Scalable Multiscale Structures: The Future of Energy-Efficient Thermal Technologies

At the Asia Tech x Singapore 2026 NTU Innovation Day, Associate Professor Jin Yao Ho from the School of Mechanical and Aerospace Engineering presented a breakthrough in thermal management. By utilising advanced manufacturing and surface micro-nano fabrication, his research group is transforming how we manage heat through phase-change processes.

The Power of Surface Structuring

Traditional cooling methods are often divided into single-phase cooling and phase-change heat transfer, such as boiling and condensation. Professor Ho’s research focuses on tailoring surface features from micro- to nano-scales to control these phenomena.

By adjusting surface chemistry and structures, the team can significantly intensify interfacial phenomena.

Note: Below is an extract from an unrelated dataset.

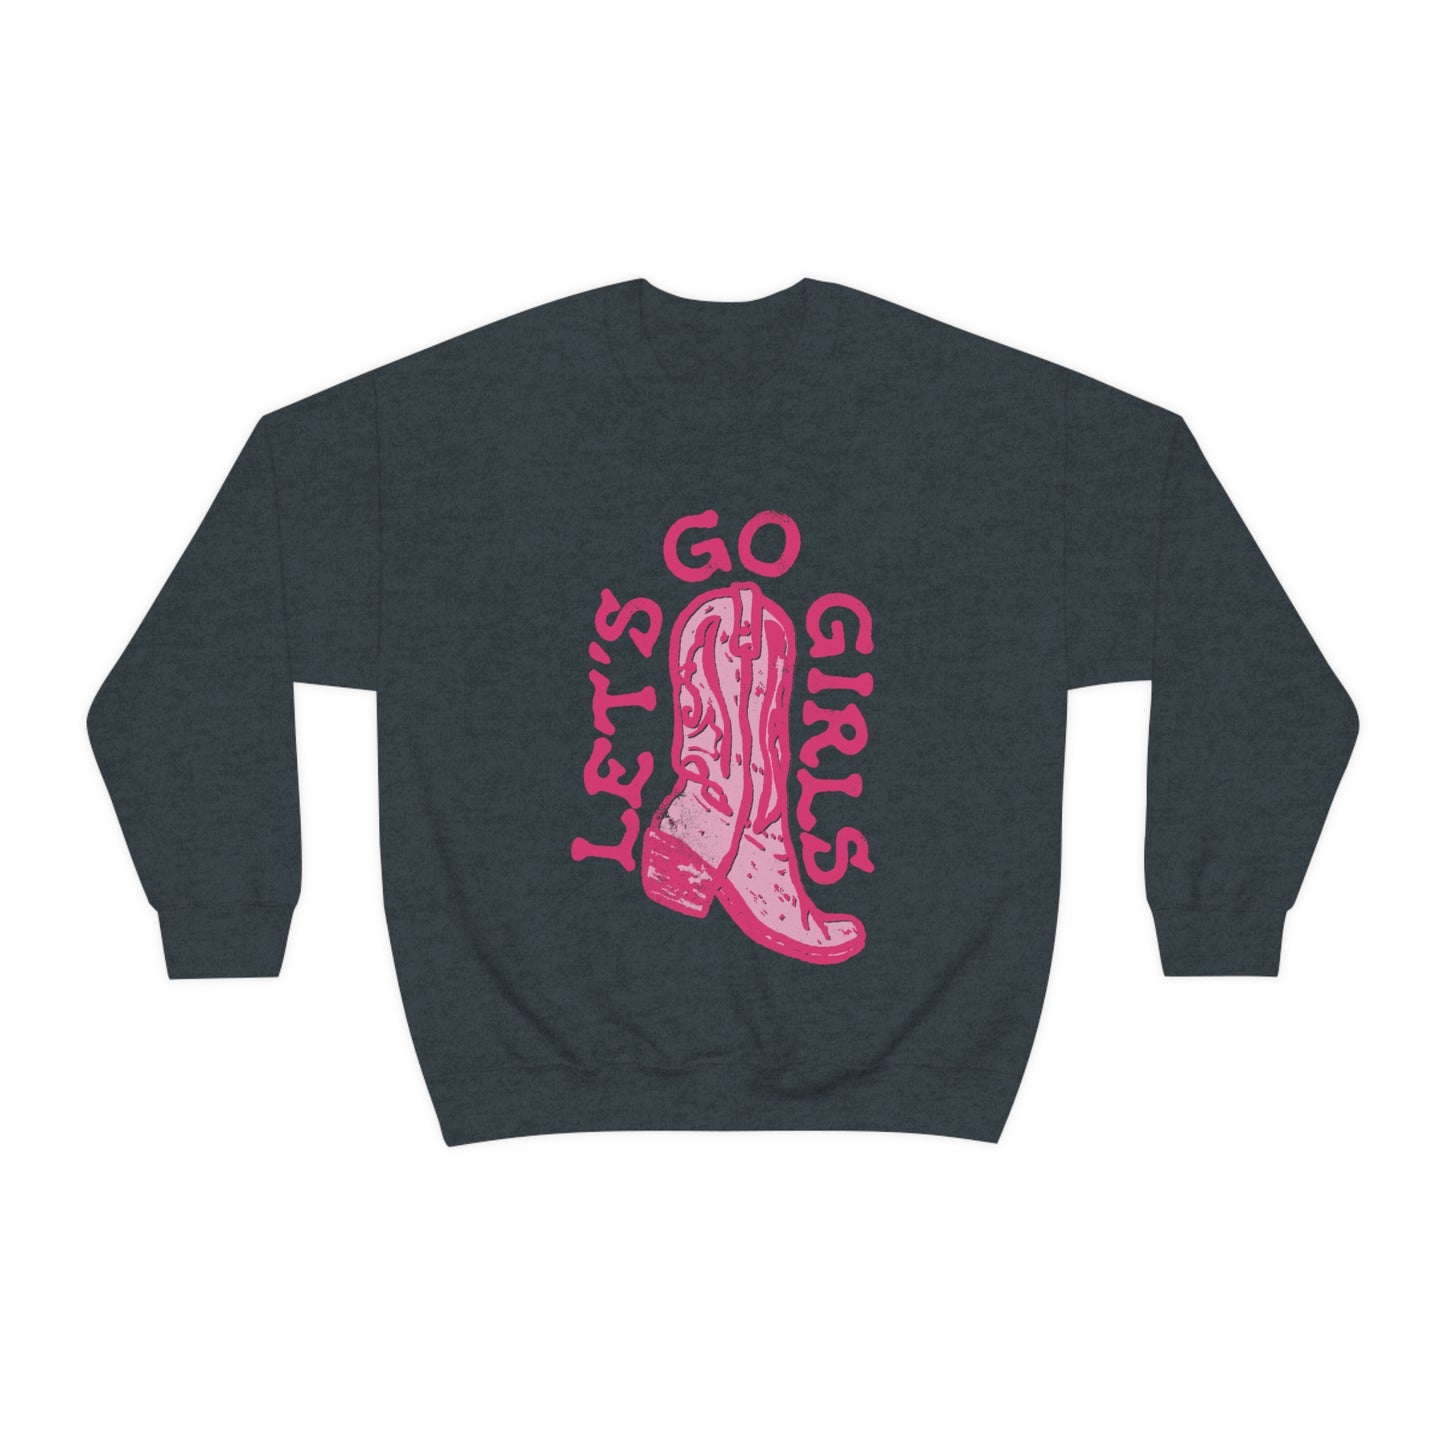 Lets Go Girls Cowboy Boots Sweatshirt

This approach is scalable, bridging the gap between fundamental transport mechanisms and real-world engineering applications like data centres and battery cooling.

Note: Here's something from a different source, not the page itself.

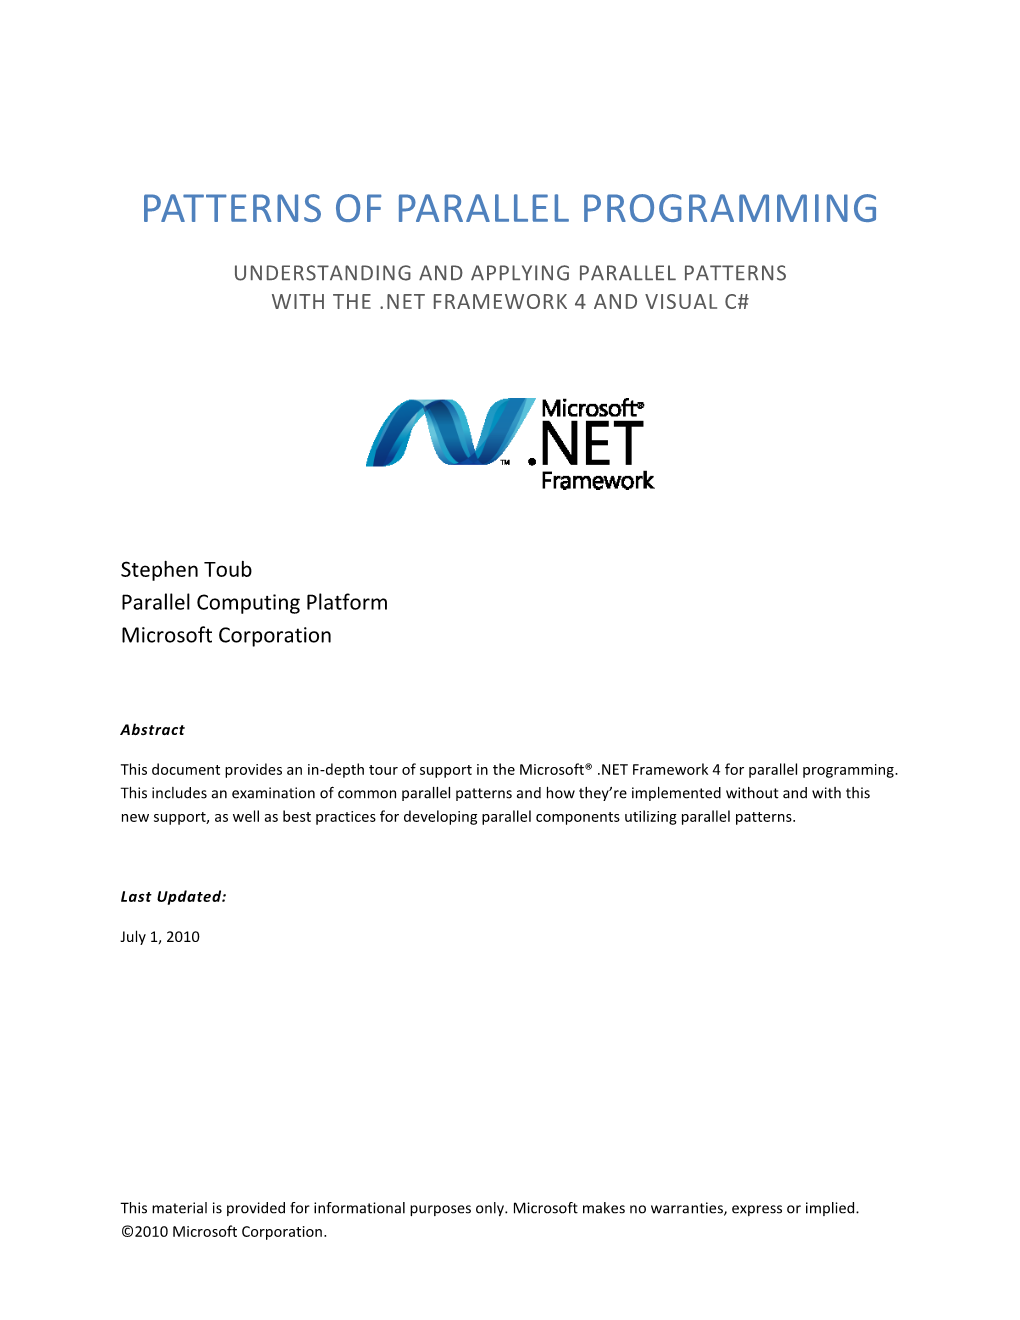 Patterns of Parallel Programming

Enhancing Immersion and Direct-to-Chip Cooling

As electronic chips increase in heat density, the industry is moving towards immersion cooling. This involves submerging servers in non-electrically conductive dielectric fluids. Professor Ho’s team found that creating specific cavity sizes on surfaces can facilitate bubble formation, which is crucial for removing heat.

Key findings from their research include:

• Optimal Cavity Size: Structures between 3 to 8 micrometres can improve cooling efficiency by more than 300%.
• Durability: Because these structures are part of the bulk material, they remain effective for months without performance degradation.
• Pressure Drop Benefits: Microstructured surfaces in direct-to-chip cooling systems achieve higher heat transfer efficiency at a lower pressure drop, reducing the power required for pumping.

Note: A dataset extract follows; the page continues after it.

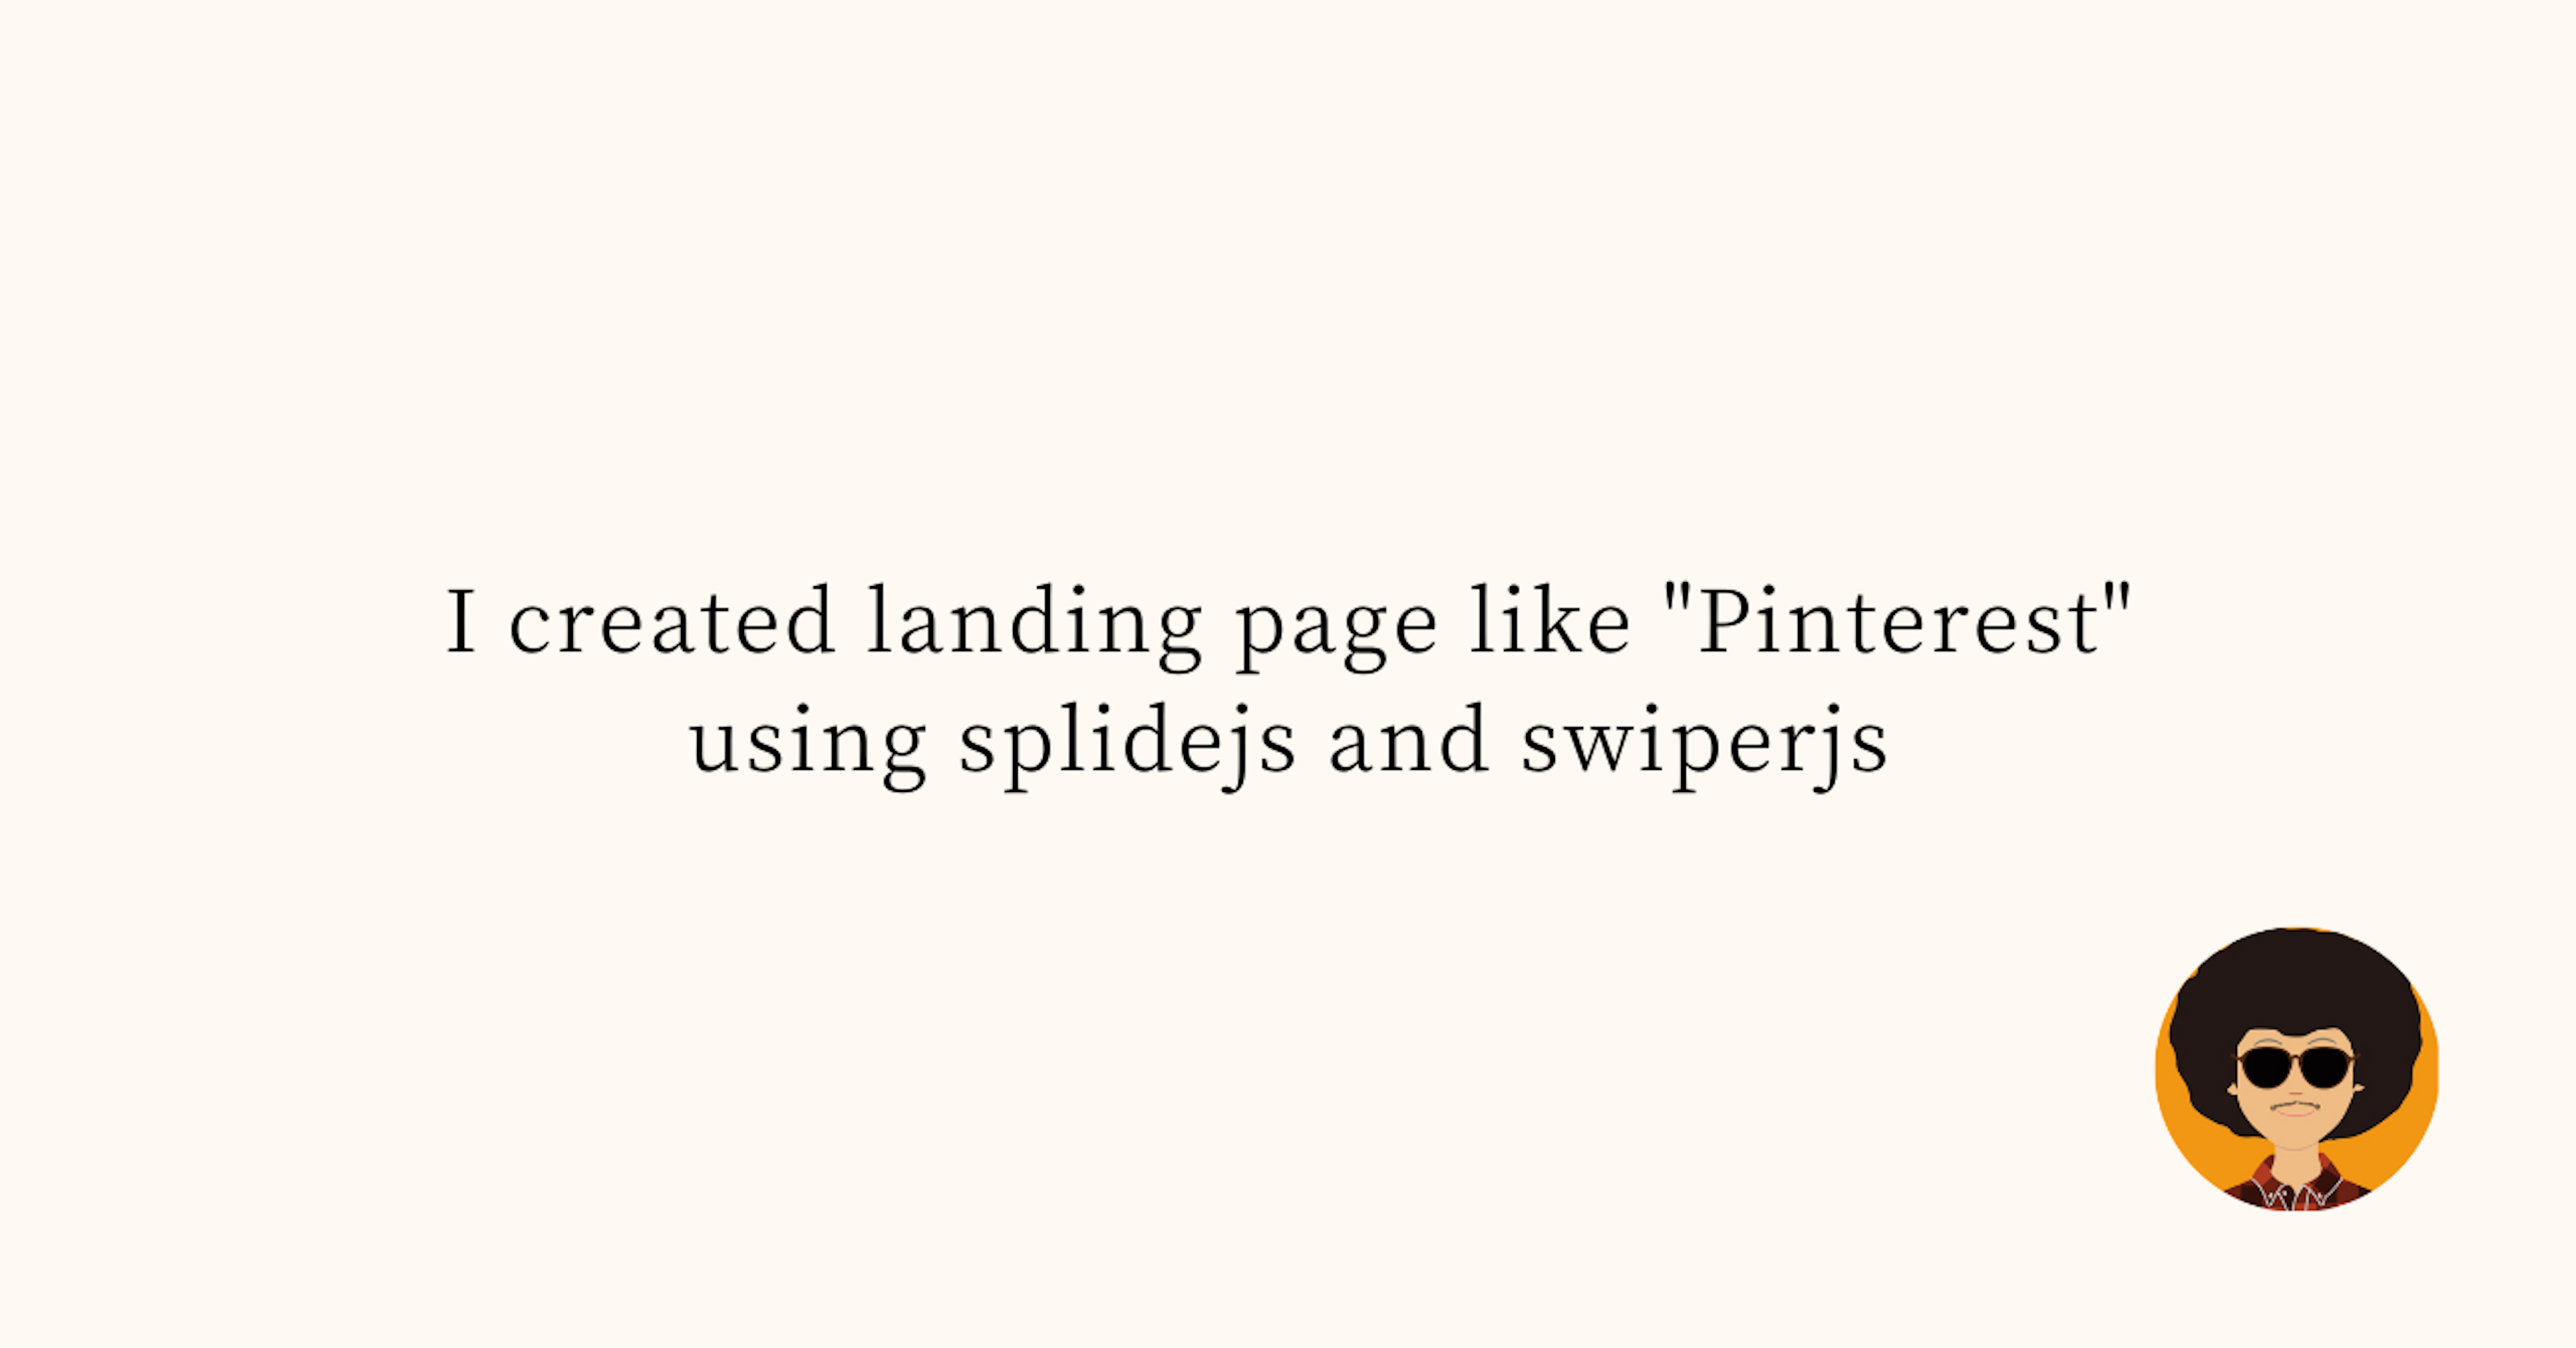 I created landing page like "Pinterest" using splidejs and swiperjs

Revolving Air Conditioning and Dehumidification

Beyond electronics, this technology has profound implications for air conditioning systems. By generating structures inside the internal channels of cooling coils, the team has successfully enhanced boiling efficiency for refrigerants.

Energy Savings in HVAC

Through these maritime-scale structures, the refrigerant supply temperature can be increased from 7 degrees to 11 degrees while maintaining the same heat transfer rate. This adjustment can save approximately 11% to 12% of compressor power.

Improving Dehumidification

On the air side of heat exchangers, condensation often chokes airflow channels. Professor Ho presented two solutions:

1. Superhydrophobic Coatings: These allow droplets to automatically jump off the surface.
2. Superhydrophilic Coatings: these create a thin liquid film that prevents accumulation.

Tests conducted in conditions representative of Singapore’s climate showed that superhydrophilic surfaces could reduce air-side pressure drop by up to 50%, resulting in a 25% saving in fan power consumption.

The work from NTU’s School of Mechanical and Aerospace Engineering demonstrates a clear pathway to reducing global energy consumption. Through scalable fabrication strategies and multiscale structure designs, these technologies provide high-performance, durable, and efficient solutions for the next generation of thermal management.